Dickson thanked PSA Executive Director Gary Larrowe, consulting engineers The Lane Group, staff, and the law offices of Sands Anderson “for assisting in this win for the citizens of Carroll County. We look forward to continuing to work with Rural Development on future projects; however this is a monumental win.”
Following the announcement of the appeal ruling, each PSA member offered their reactions.

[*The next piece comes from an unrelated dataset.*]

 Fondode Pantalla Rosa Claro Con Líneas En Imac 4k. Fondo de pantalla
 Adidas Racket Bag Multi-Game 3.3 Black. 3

Jeannette Dalton wondered aloud how much money Gregson made off the situation.
“I think it is interesting a whistleblower can get paid up to 30 percent of the cost, sometimes even if they don’t win the appeal,” Dalton said. “I just wonder how much the whistleblower got this time?”
PSA member William Payne said it was a shame the Authority had to “go through that and its cost.” Dickson added the entire process cost the county “tens of thousands of dollars.”
“And it really gets to you when the whistleblower is not even a citizen, not a taxpayer,” Dickson said. “The question was asked to me whether you could turn around and sue, blow the whistle on the whistleblower.”
Payne asked if the $266,000 had been returned yet to the PSA. Dickson said it was in the process.
Littrell said it has been a difficult road for the PSA, but added that perseverance paid off.
“I think it’s good for the citizens of Carroll County and there will be a lot of folks who will have the opportunity to be served by these dollars when they come back,” Littrell said.
Dalton said the PSA knew its appeal would work.
“When you are honest and do the best you can, it usually works in your favor,” she said.
PSA member James Light said he hoped the county’s citizens would realize the Authority handled the matter in an upfront manner.
“I hope that this makes the front page and the citizens see everything was on the up and up; there was nothing hid, nothing underhanded, everything was right,” Light said. “This should have never happened and it will be right from now on.”
Littrell said the PSA “got the stuffing kicked out of us” when it got the demand letter last fall from Rural Development.
“It certainly took us by surprise, but I felt like in the long run justice will prevail. We went through the proper channels and I’m just glad we can release this letter to the public,” Littrell said. “What we tried to do was right and we are going to get our money back.”
Added Dickson, “It just shows you the integrity of the PSA as a whole. When they asked for the check and money back, we sent the money back. We didn’t delay, but we went through the procedures and appealed. We won that appeal and waited to see. We remained honest and worked with integrity. We didn’t try to destroy one person or organization. We just continued with we thought they were wrong. The deciding person, when he looked at all things, decided they erred and we were in the right. I’m glad we won, but I’m still glad we did the right thing.”